The Roundhouse festival about Tel Aviv appals me
Thursday, 24th August 2017
• I WAS quite appalled to learn that the Roundhouse is going to host a festival from September 8 to 11 which will aim at “celebrating and showcasing the diverse culture of the vibrant Israeli city of Tel Aviv” (‘Tel Aviv in London…’, Letters, August 3).
Being an Israeli, born and bred, I am only too familiar with the damning legacy of Tel Aviv, a city whose acclaimed university had been built on the ruins of the Palestinian village, Sheikh Muwannis.
The Israeli body Zochrot (remembering), which campaigns for the Israeli state to recognise the moral debt and the injustices caused to the Palestinian people, has requested that the university acknowledges the history of Sheikh Muwannis.
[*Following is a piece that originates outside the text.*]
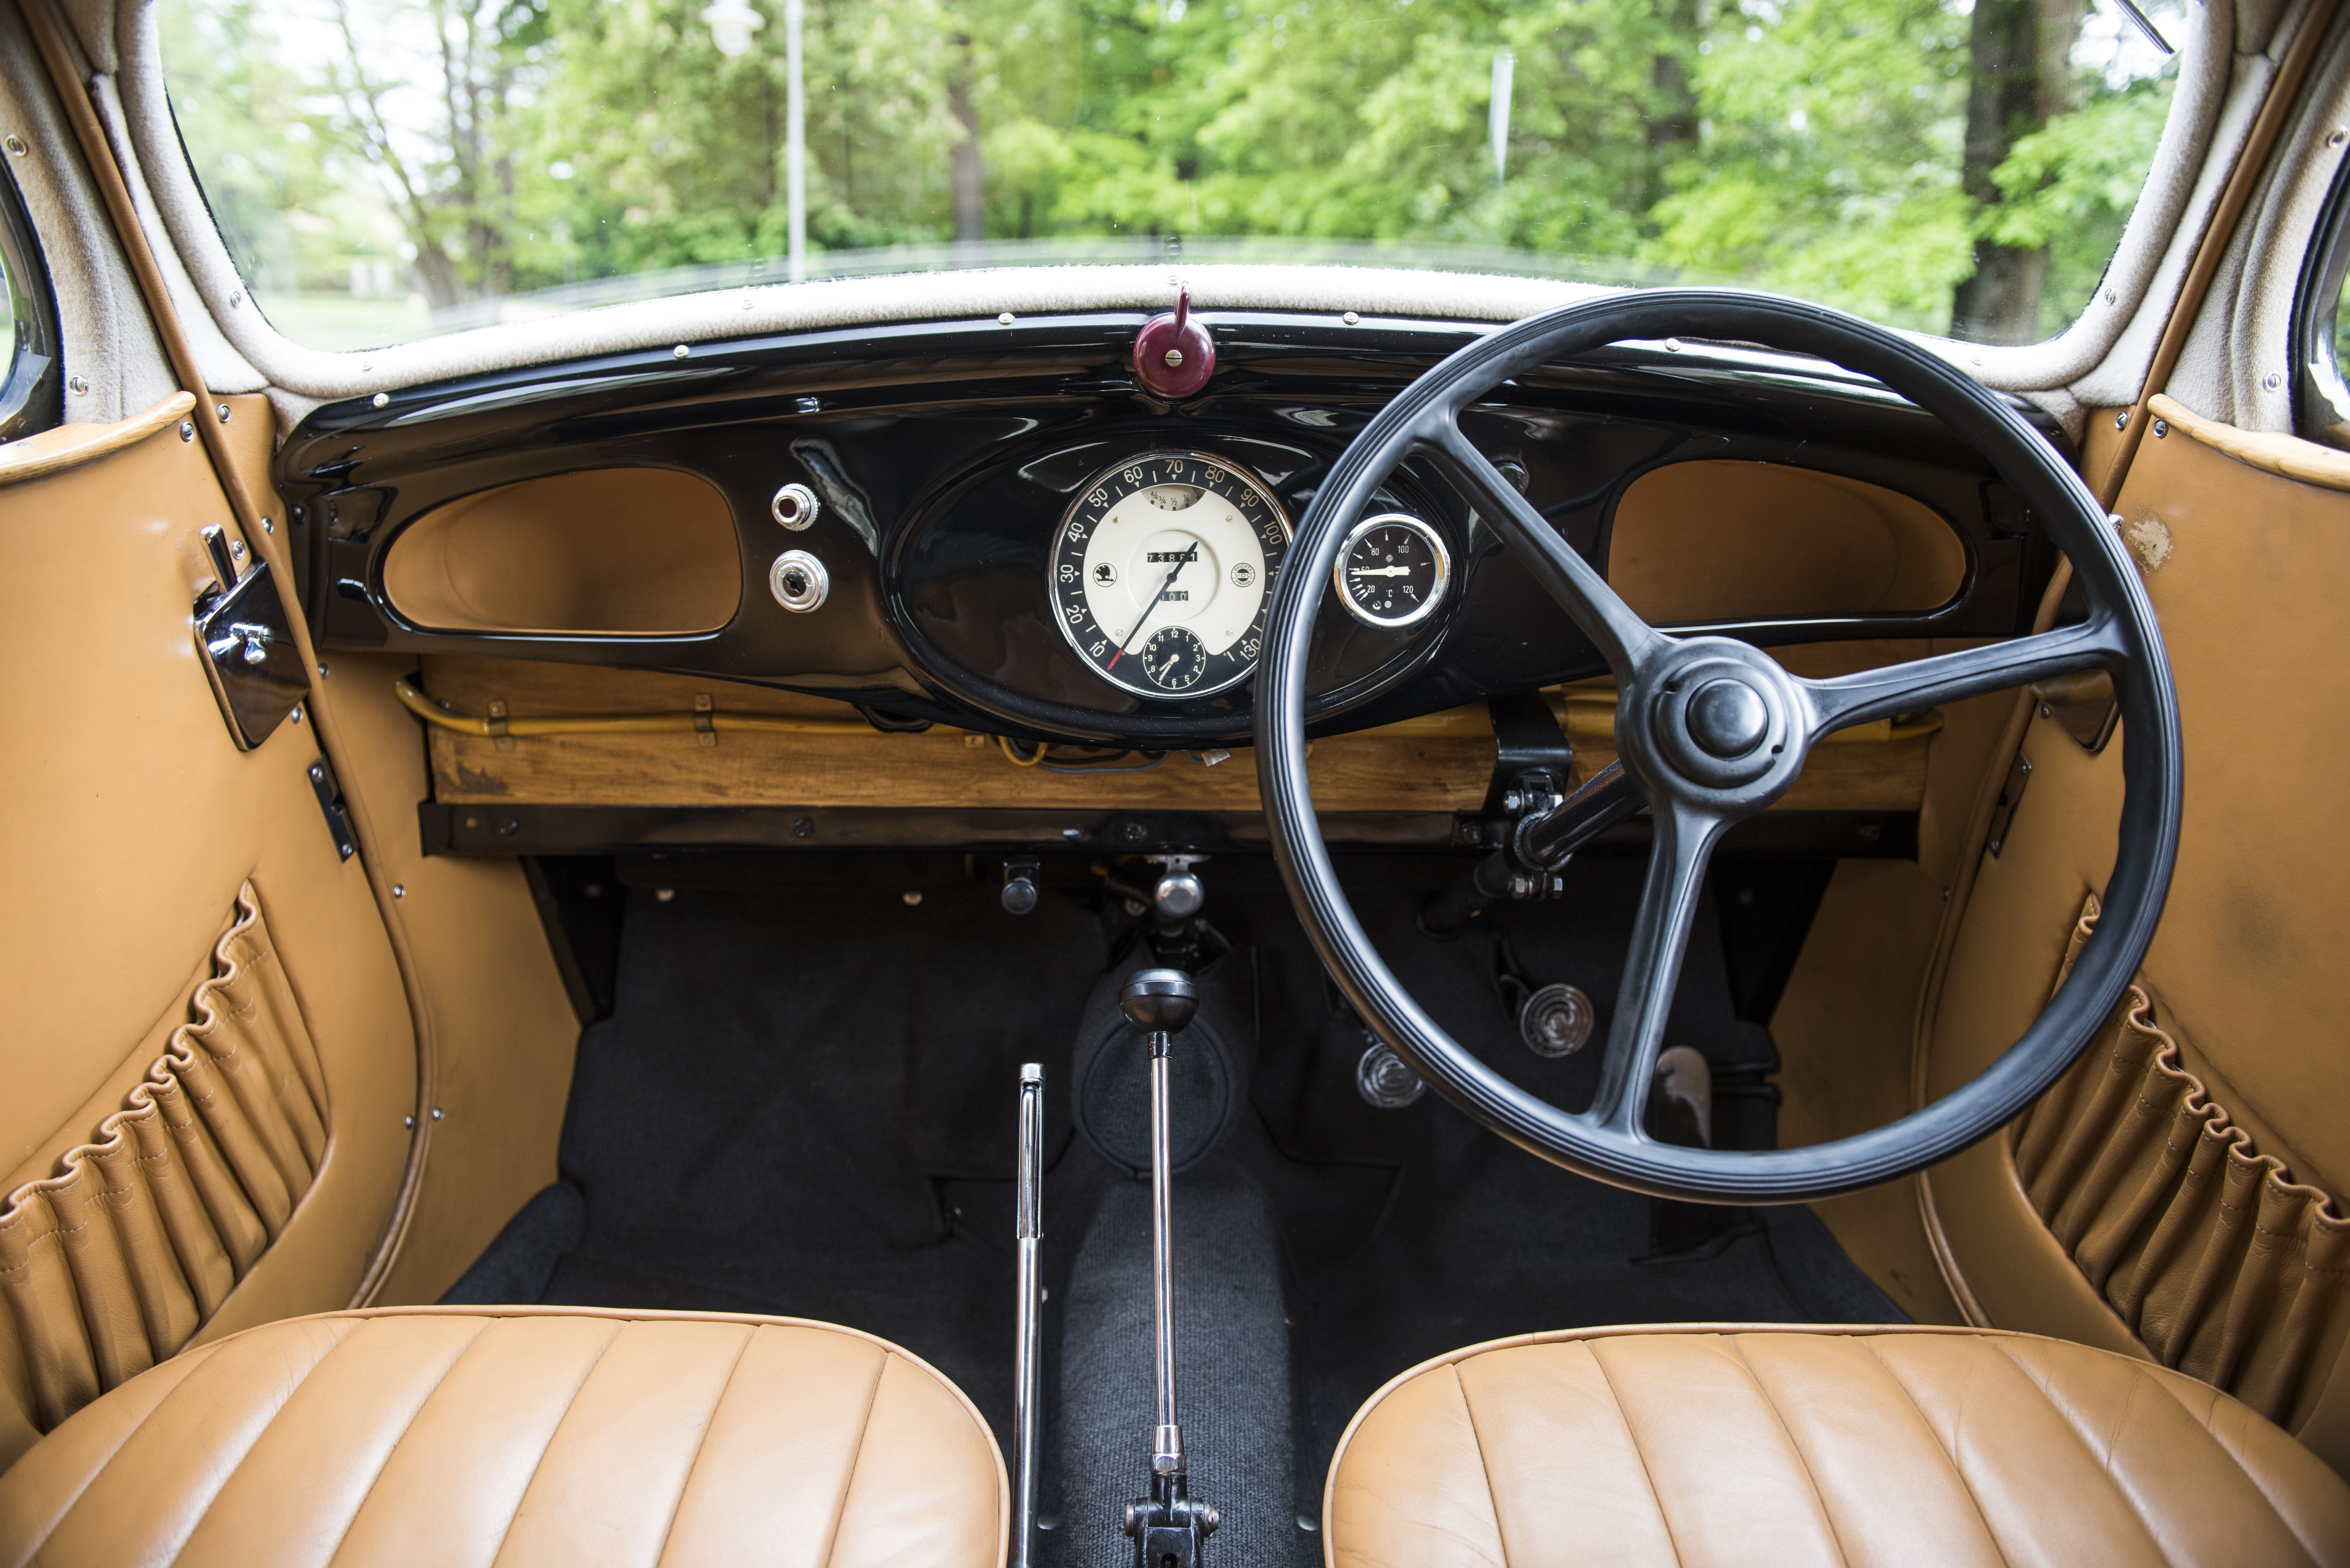 SKODA POPULAR Monte Carlo (1936–1939): The elegant model with rally DNA - Image 3

Yet the university adamantly refuses to do so, following the attempts of the Israeli state to totally erase the memory of more than 400 Palestinian villages whose inhabitants were driven away by Israeli forces during the 1948 war.
In the aftermath of the 1948 war, the prosperous Palestinian town of Jaffa was virtually annexed by the city of Tel Aviv, having driven out most of its Palestinian inhabitants.
The few Palestinians who managed to stay in Jaffa were ghettoised in a small quarter while the property and land of those forced out were confiscated by the Israeli authorities which continued the process of destruction in the guise of “planning” and “development” of the Tel Aviv municipality.
The great majority of Jaffa’s original inhabitants have been living for nearly 70 years in Gaza’s crowded refugee camps, being subjected to repeated military assaults and a decade-long Israeli blockade that deprives them of adequate access to food, health care, education, social services, power energy, and proper sanitation.
While Israeli children are free to enjoy the wide range of food and drinks that are triumphantly promoted by the Tel Aviv in a London festival, Gaza’s children suffer from serious malnutrition, lack of clear drinking water, safe shelter, and adequate medical services.
Tragically many of those youngsters have been afflicted by mental trauma which left them scarred for life as a result of Israel’s repeated raids, and the indiscriminate air bombing and shelling during Israel’s brutal wars on Gaza (2008, 2014).
If, indeed, the Roundhouse is true to its aims, declaring that “creativity gives us freedom, hope and has the power to transform”, it ought to celebrate the inspiring creativity of Palestinian youth rather than to “revel in the Tel Aviv rich cultural landscape” – a “culture” of a state which violates humanitarian and international law with impunity.